Jay's Post--My Funny Felon Bride

Jay here. I'm filling in for Pamela while she's getting hyperbaric oxygen treatments.

Last week was our 12th anniversary. I did better this year, but, then again, I had nowhere to go but up (to read about that fiasco, click here). This year I sent her roses and chocolate-covered strawberries. 

Pamela (in shock): Honey! I can't believe you did this!

Me: I wanted to make up for all the times I didn't get you anything.

Pamela (narrowing her eyes): Does this have anything to do with the fact that now I'm writing a blog?

Me (ignoring her question and shoving a strawberry in her mouth): Here, baby. Aren't these good?

Pamela (with her mouth full): Dothemritabus.

Me: Sure. Whatever you said. I love you, too.

Pamela (distracted from her blog question by chocolate): You are so incredibly sweet!

Me (modestly): Yeah.

Pamela (squinching up her face): Great. After years of following your lead into marital complacency, now I have to come up with something to give you.

I grinned and assured her that she didn't need to get me anything. But a little later... 

Pamela:  Sweetie, at least I can give you an anniversary card.

Me: Just a minute. I need to get your card.

Pamela: Okay.

Me (digging through piles of papers in the office): I can't find the card I got you!

Pamela: You can give it to me later.

Me: No, I want to find it. 

Pamela (holding out a card): Just read your card. You can give me my card whenever you find it.

Me (frustrated): I know it's here. I just had it!

Pamela (glancing at the card she was about to give me with a look of realization): Oh. Wait. Um, is this the card you're looking for?

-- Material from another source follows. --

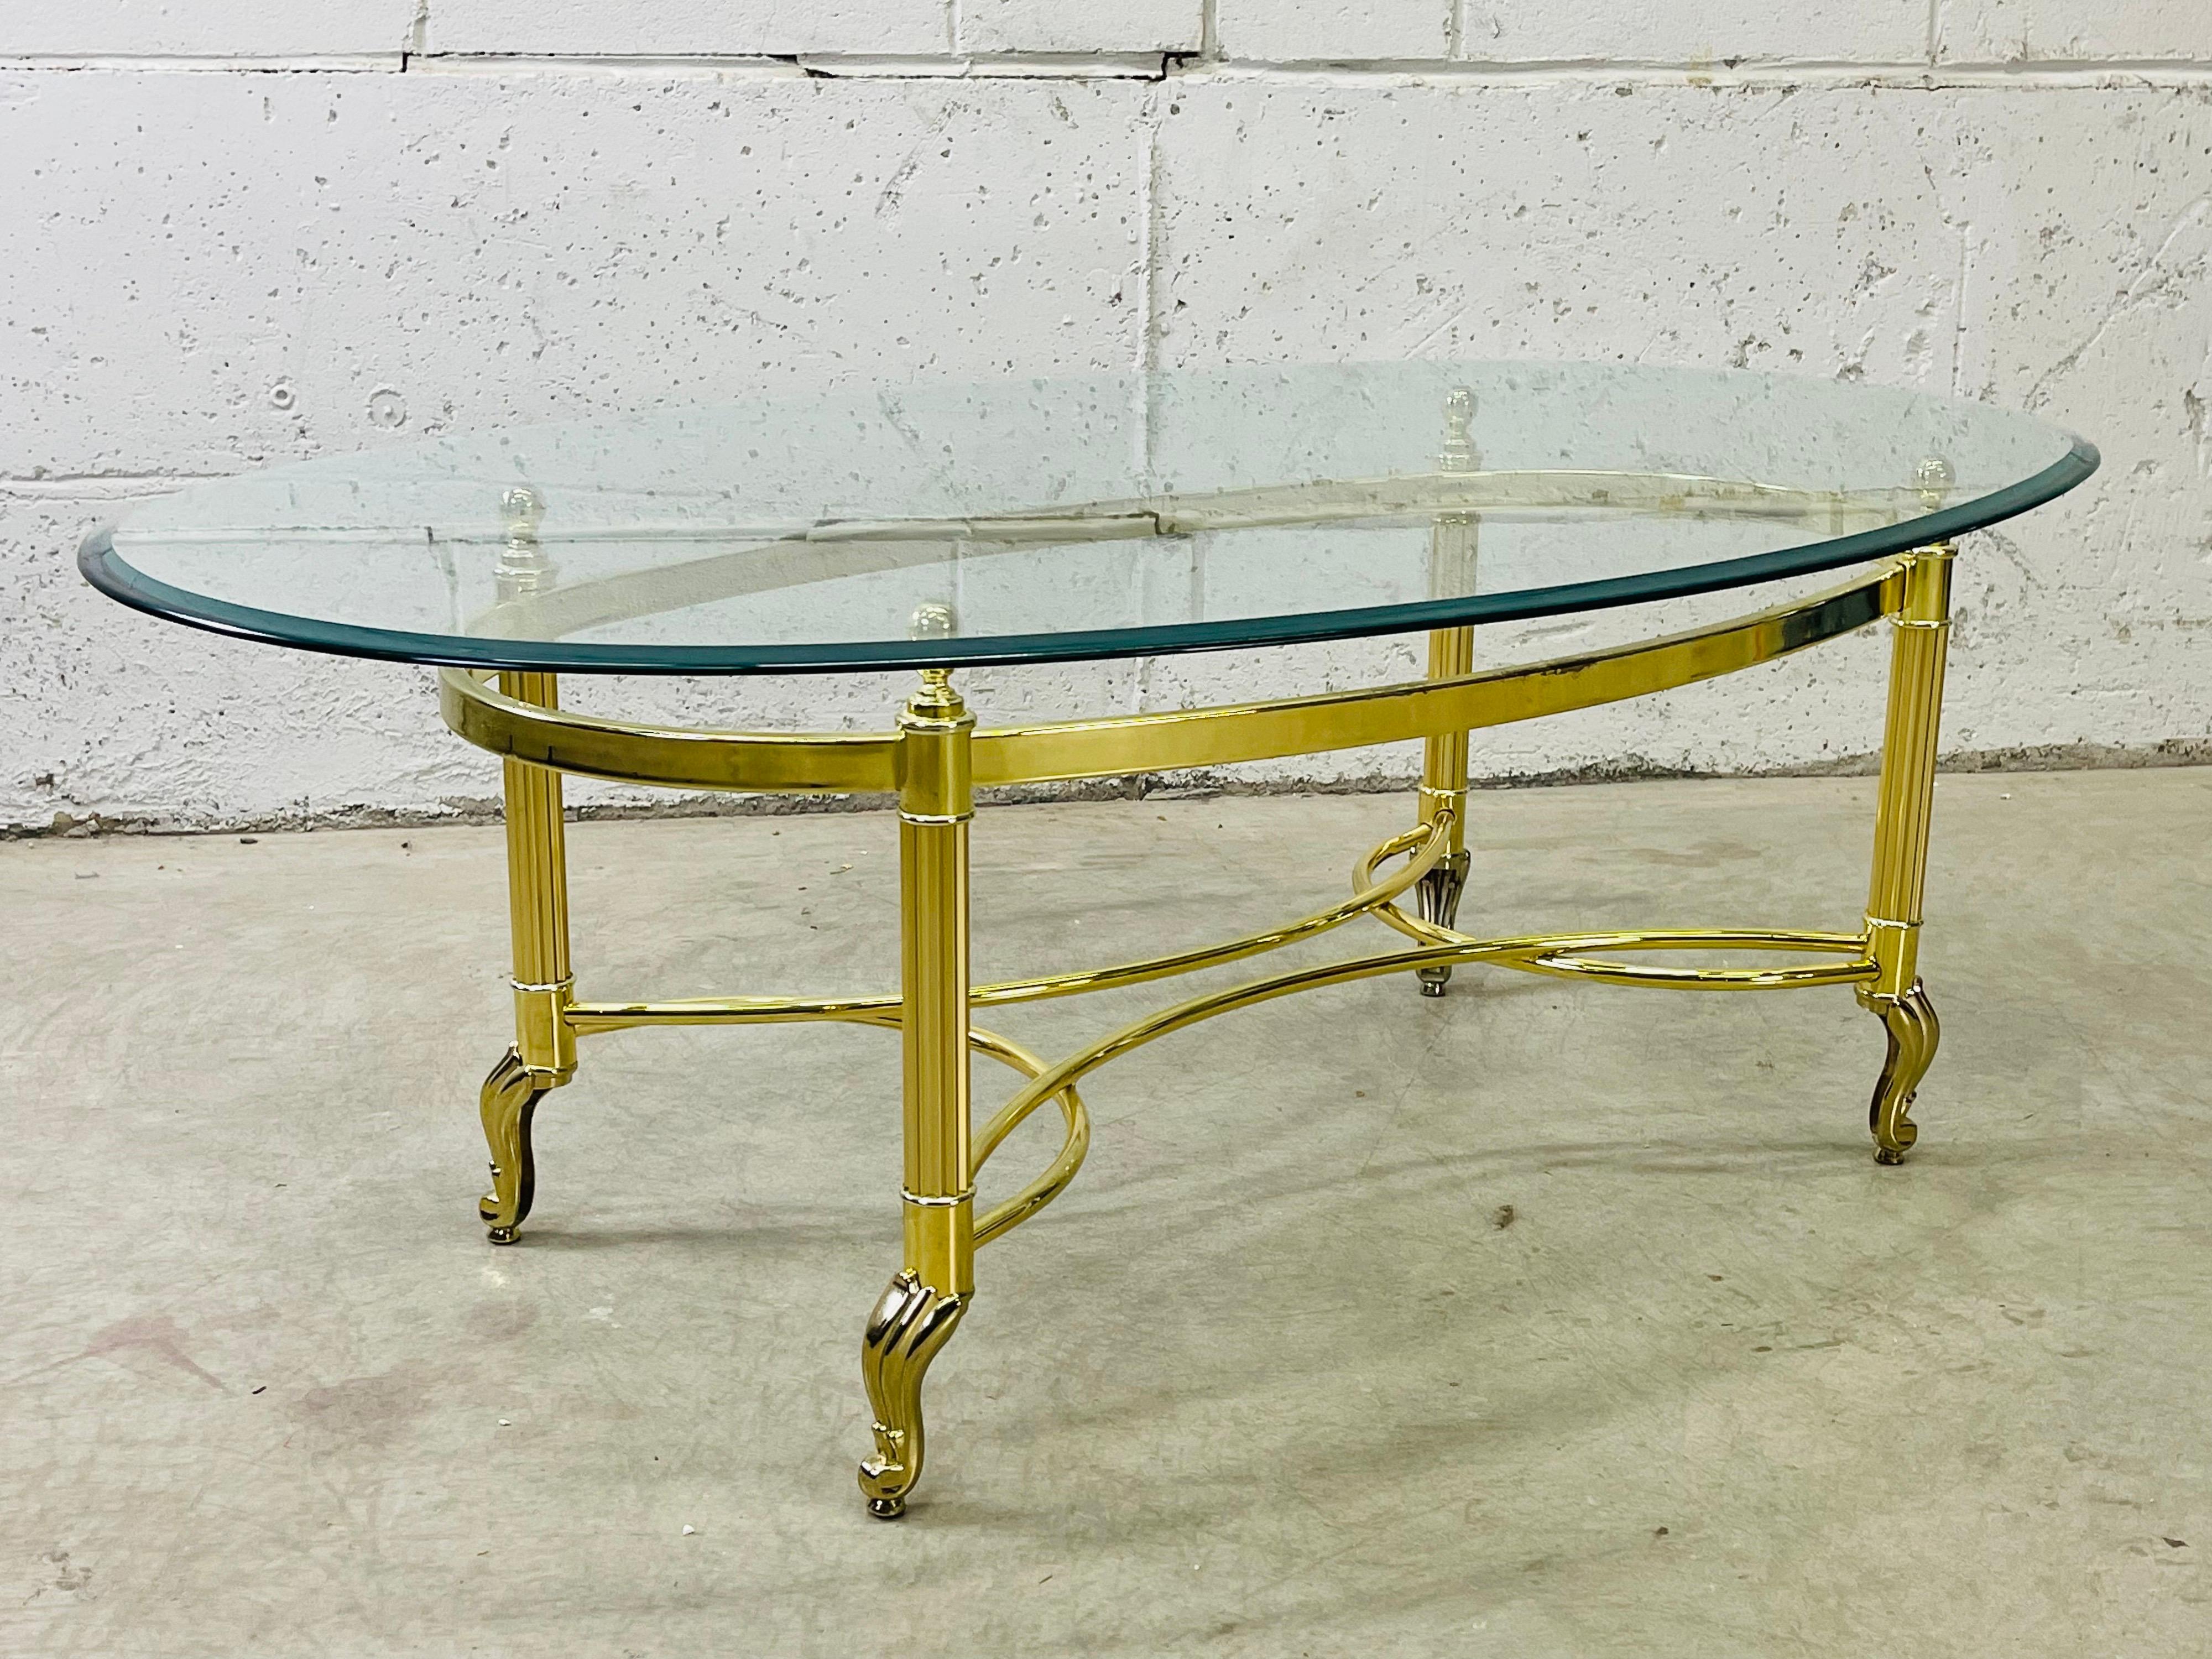 Vintage 1960s Le Barge style oval glass top and gilt metal base coffee table. The glass top is beveled along the edges. Very good used condition. No marks.

Me: Are you saying that you stole the card that I bought you so you had a card to give to me?

I'm shaking my head but laughing. I'm not sure that's what Proverbs 31 was referring to when it says a virtuous wife resourceful, but Pamela would argue differently.

Verse of the day: "He who finds a wife finds a treasure and has favor from the Lord" (Proverbs 18:22). 

Follow-up from Pamela: There was a lot of stuff lying around the office. How was I supposed to remember who bought that particular card? Besides, if he bought it, then it's guaranteed that I'm giving him a card he would like. He should appreciate that. Especially since I proved a couple of posts ago (click here) that he's impossible to buy for. And if we're "one flesh," like it says in the Bible, then if he buys a card, it's the same as me buying the card. Right? That's simple, Biblical logic.

Follow-up from Jay: She stole my card. Then tried to give it to me for our anniversary. Enough said.